Das Wichtigste in Kürze
- Europa-Experte Felix Brun kommentiert Texte bedeutender Schweizer Persönlichkeiten.
- In diesem Artikel befasst er sich mit dem Autor Lukas Bärfuss.
«Kein Mensch ist eine Insel». Was Eva in «Meienbergs Tod» des Autors Lukas Bärfuss über den Journalisten Niklaus Meienberg sagt, gilt auch für die Schweiz. Akribisch untersucht Bärfuss in seinen Texten die Schweizer Befindlichkeiten.

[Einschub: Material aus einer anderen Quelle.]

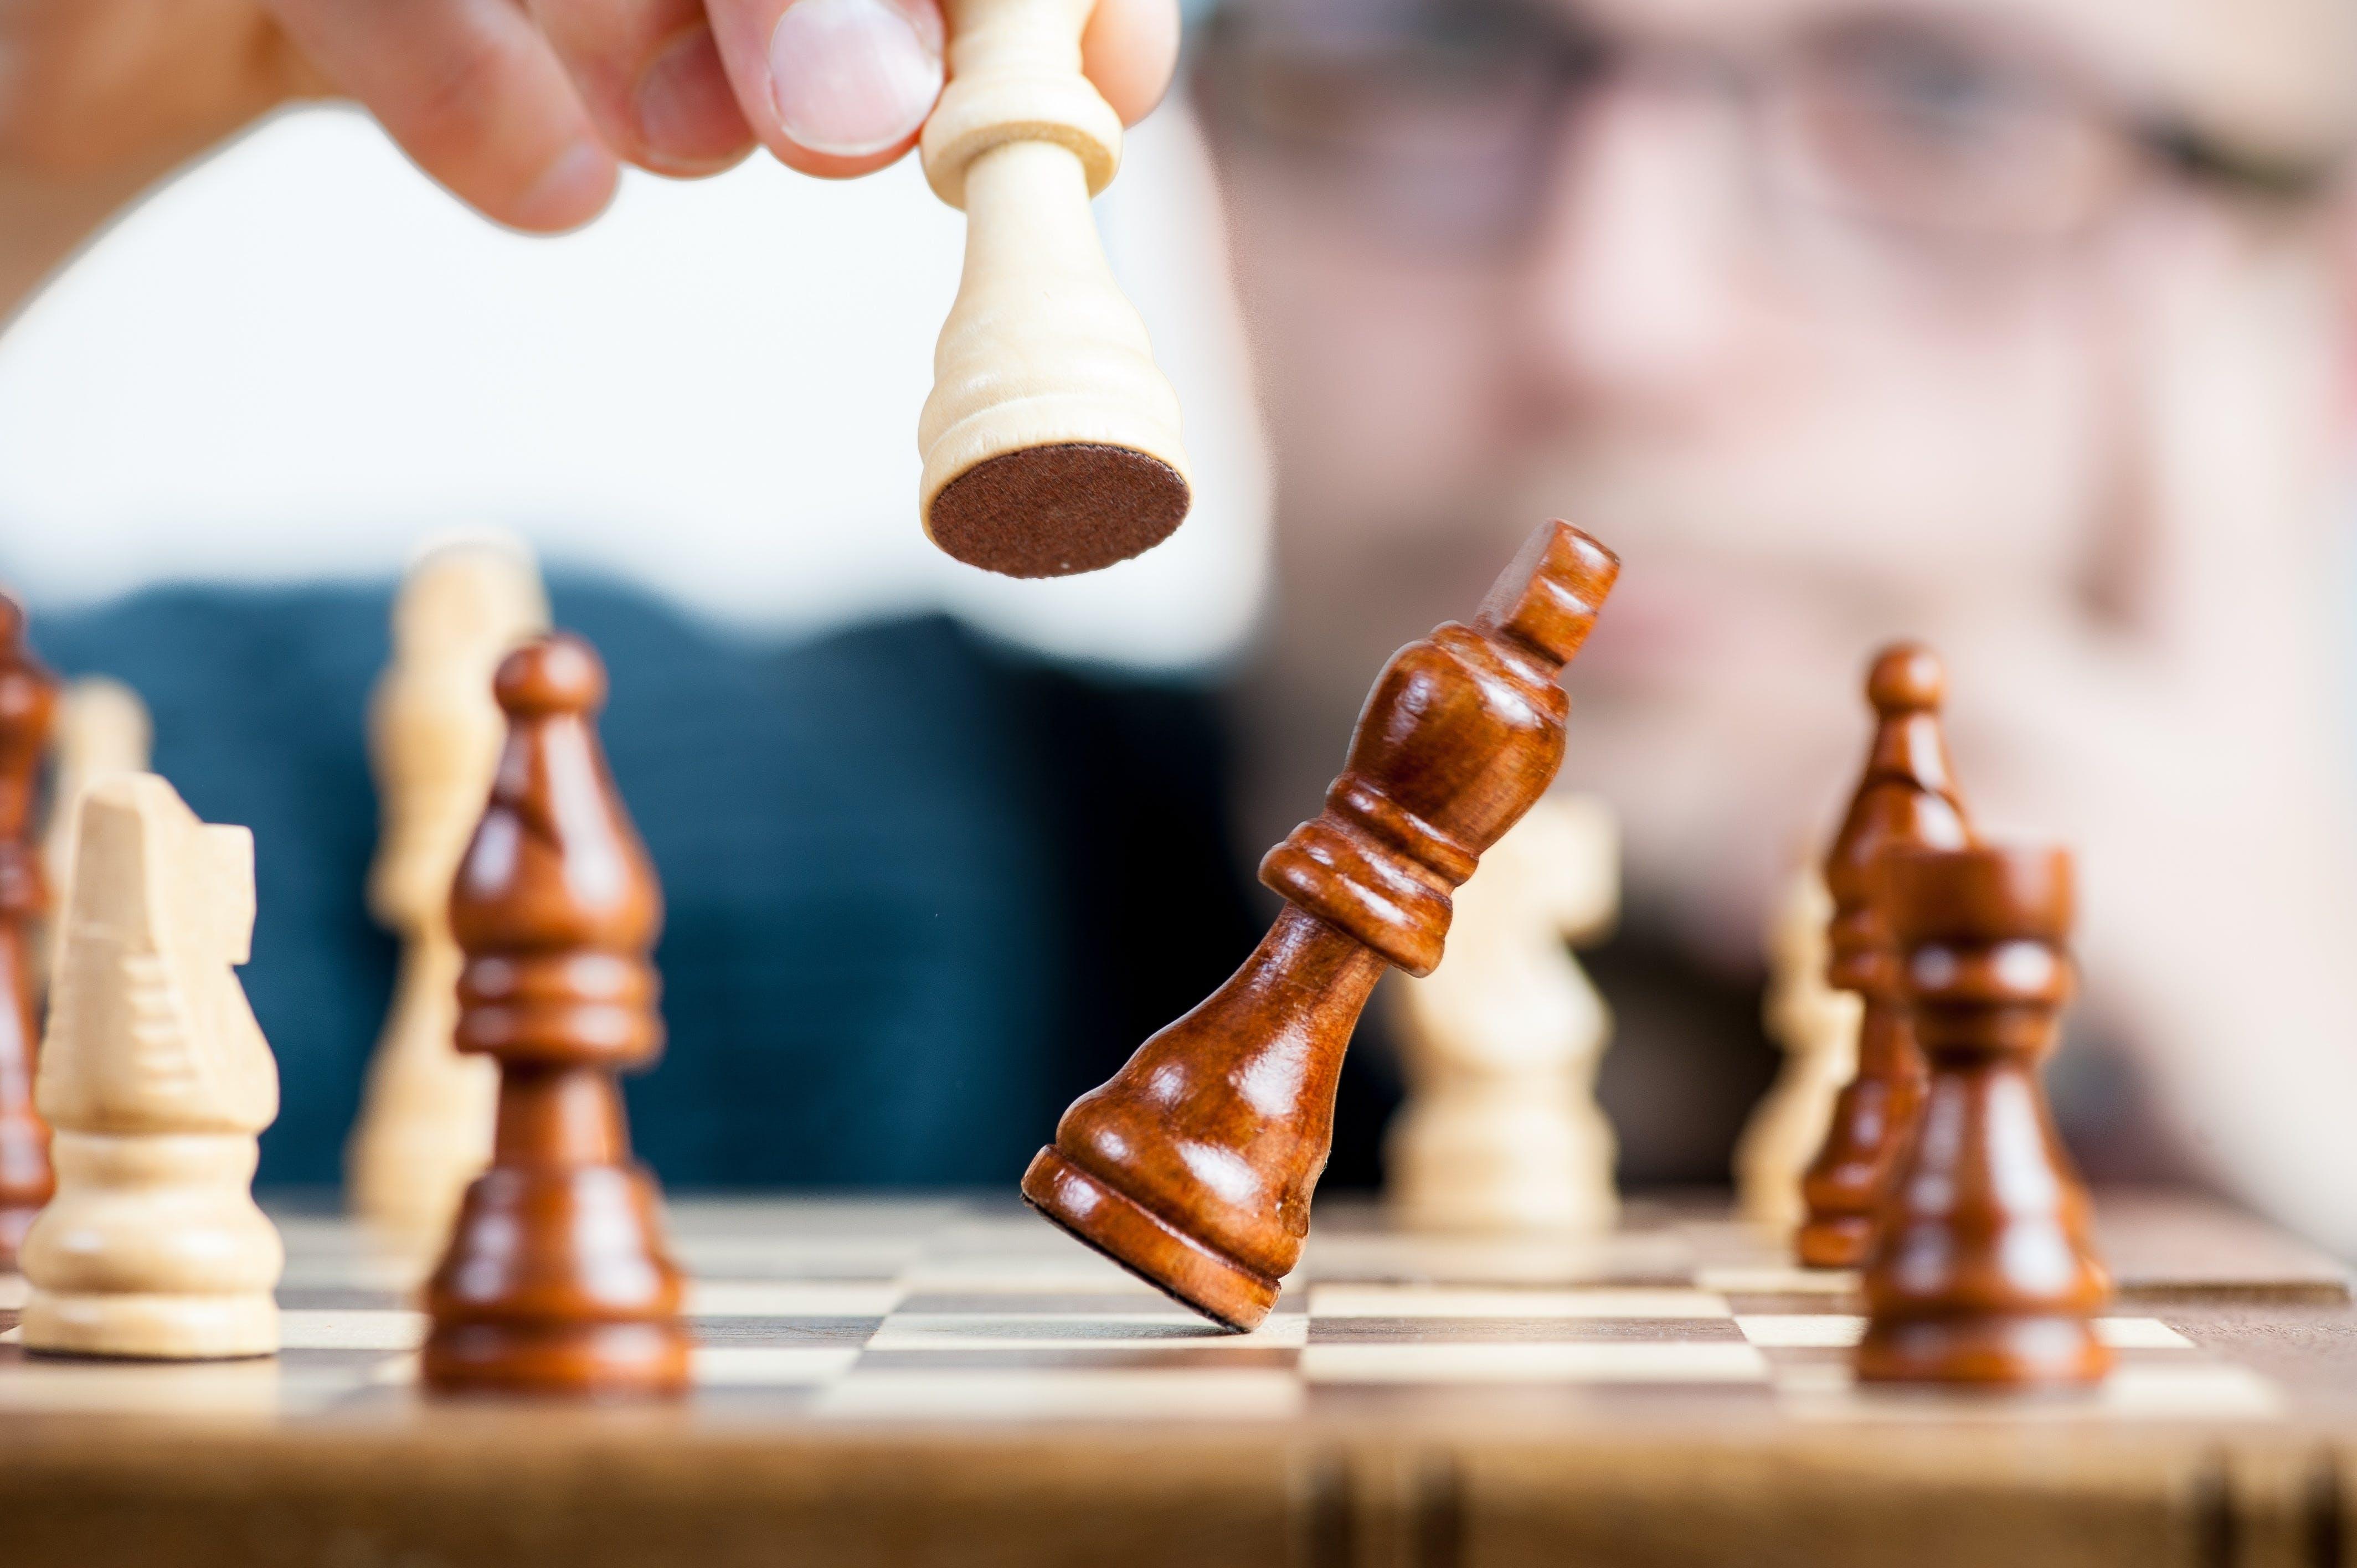 decision-making-image

Etwa die Lust an der Ordnung oder auch den Willen zum Rückzug, zur Abschottung. Dass diese Abschottung auch tödlich sein kann, darauf weist der Autor in seinen Stücken und Romanen immer wieder hin.
Für Lukas Bärfuss ist der Mensch vor allem etwas: Er ist vielfältig, mehr noch: jeder Mensch ist einzigartig. «Die Matura ist vielleicht nichts Besonderes», erklärt er als Redner einmal an einer Maturfeier. «Aber Sie, Sie sind etwas Besonderes. Jede und Jeder von ihnen ist einzigartig [...] Sie können sich darauf verlassen, Sie sind einzigartig Punkt.» Der Mensch also ist einzigartig in seiner Vielfalt.

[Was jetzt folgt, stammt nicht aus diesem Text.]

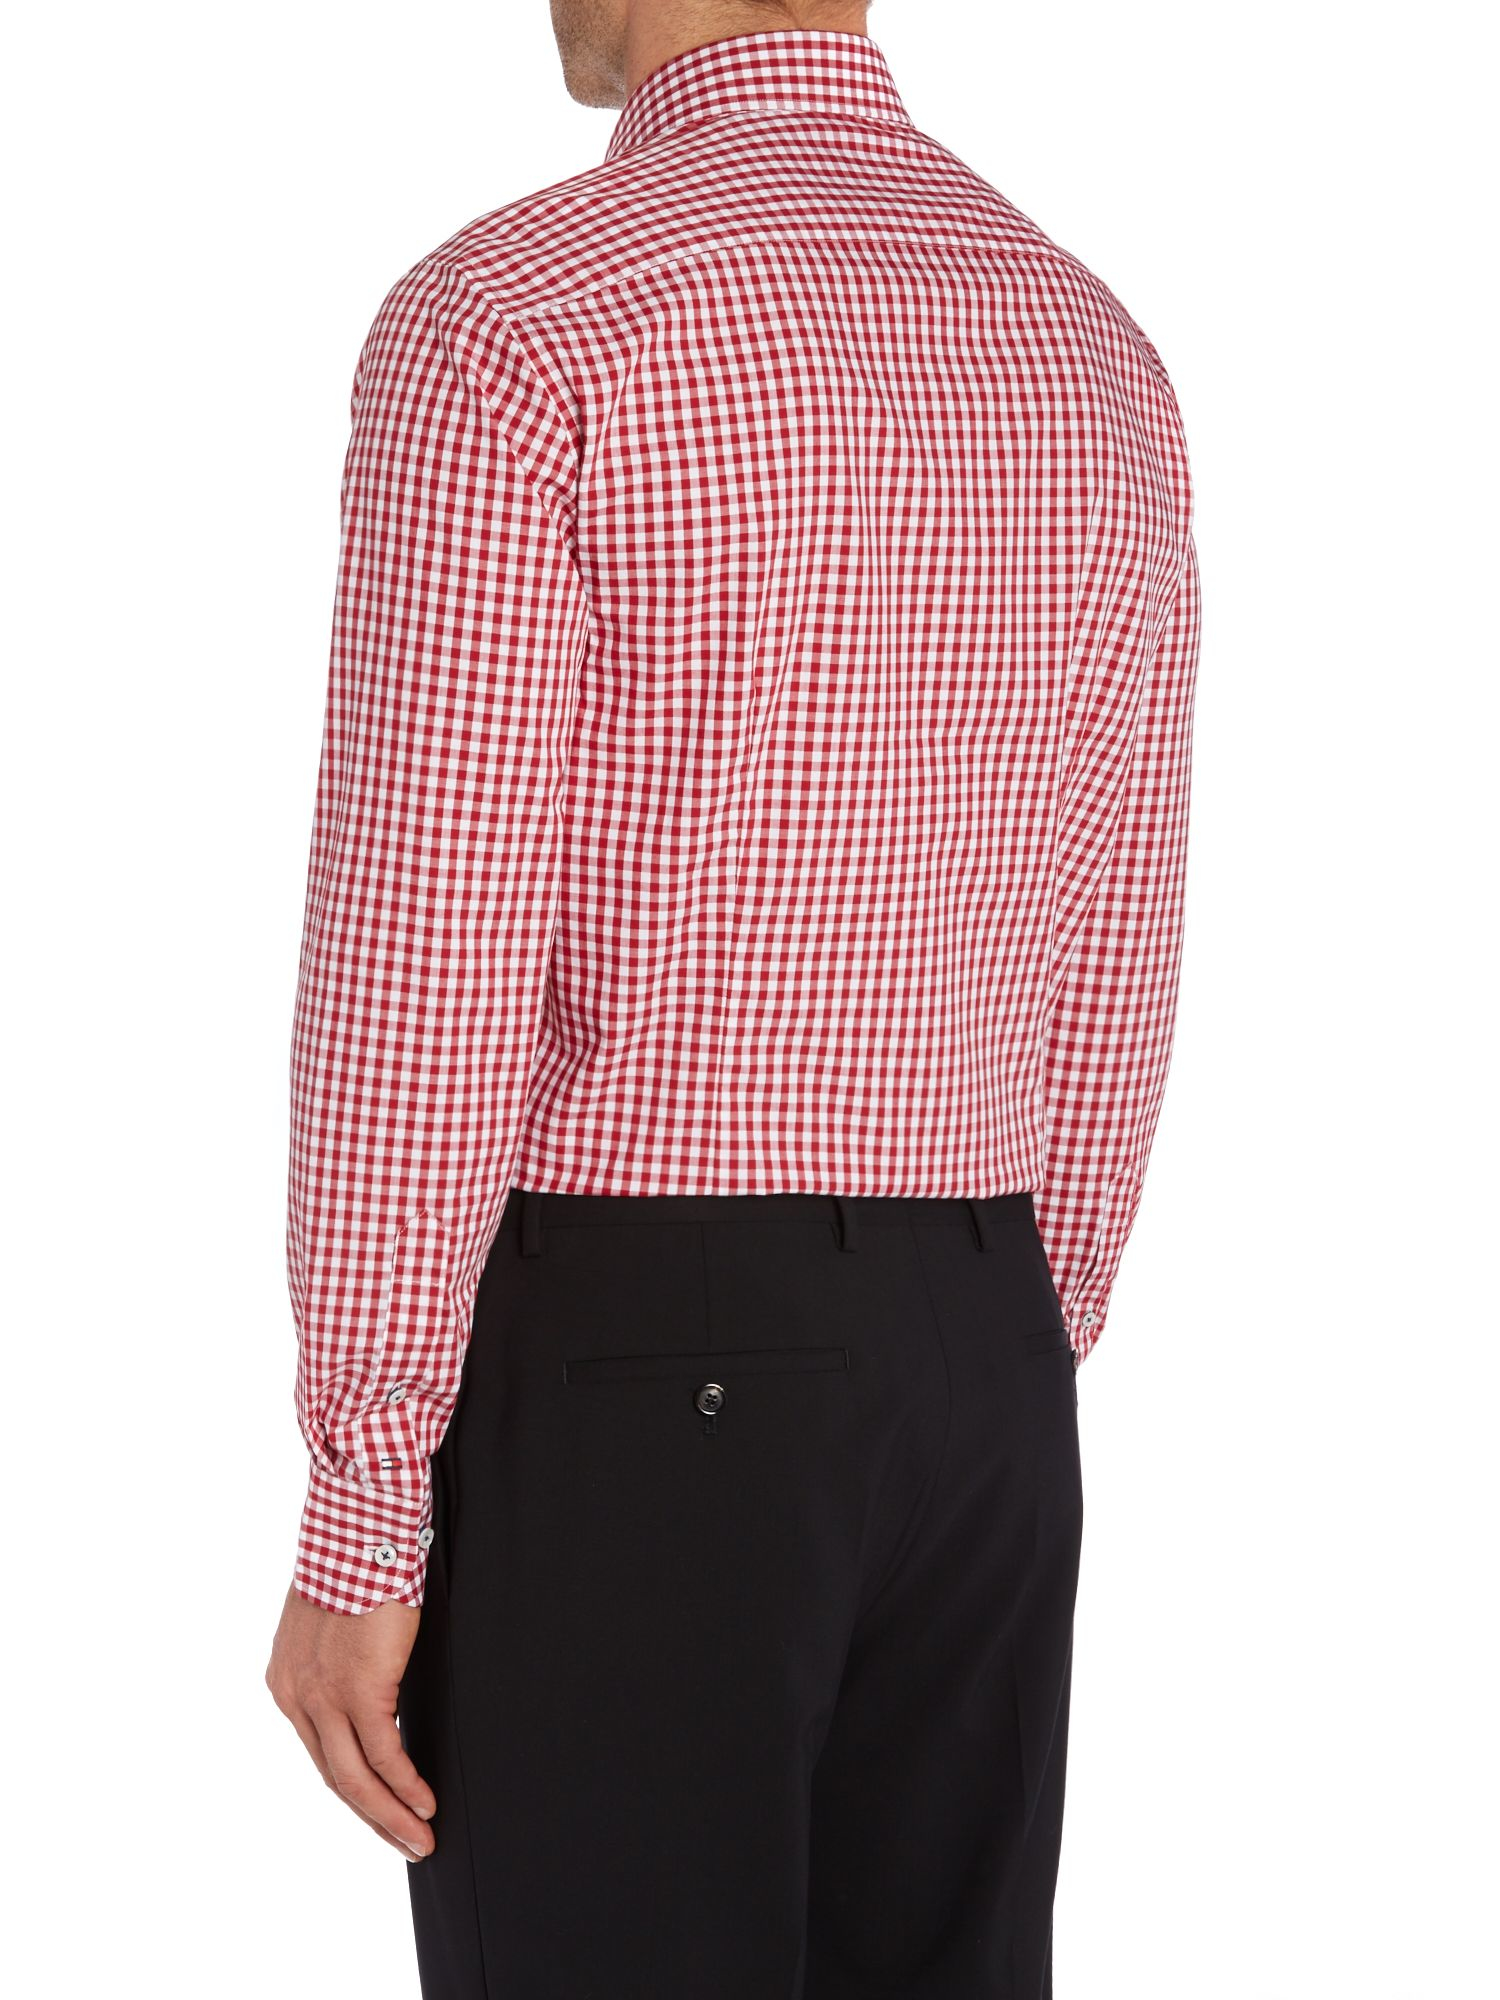 Tommy Hilfiger Slim Fit Gingham Shirt In Red For Men Lyst

Dass diese Vielfältigkeit auch zu Konflikten führt, ist nicht zu bestreiten. Lukas Bärfuss entlarvt aber noch eine andere Gefahr. Ist der Mensch nicht mehr fähig, mit seiner Vielfältigkeit umzugehen, wird er gefährlich.
Und ist er bereit, seine Vielfältigkeit als einen Makel anzusehen, den es zu eliminieren gilt, dann wird der Mensch tödlich.
Die Anpassung als Negative in Lukas Bärfuss' Texten
Die Anpassung, die Leere, das Lauwarme, die Gemütlichkeit: Immer wieder streben die Figuren in Bärfuss’ Texten danach. Dem widerspenstigen Tony werden mittels eines chirurgischen Eingriffs des Autors im Stück Zwanzigtausend Seiten kurzerhand alle schlechten Seiten wegoperiert.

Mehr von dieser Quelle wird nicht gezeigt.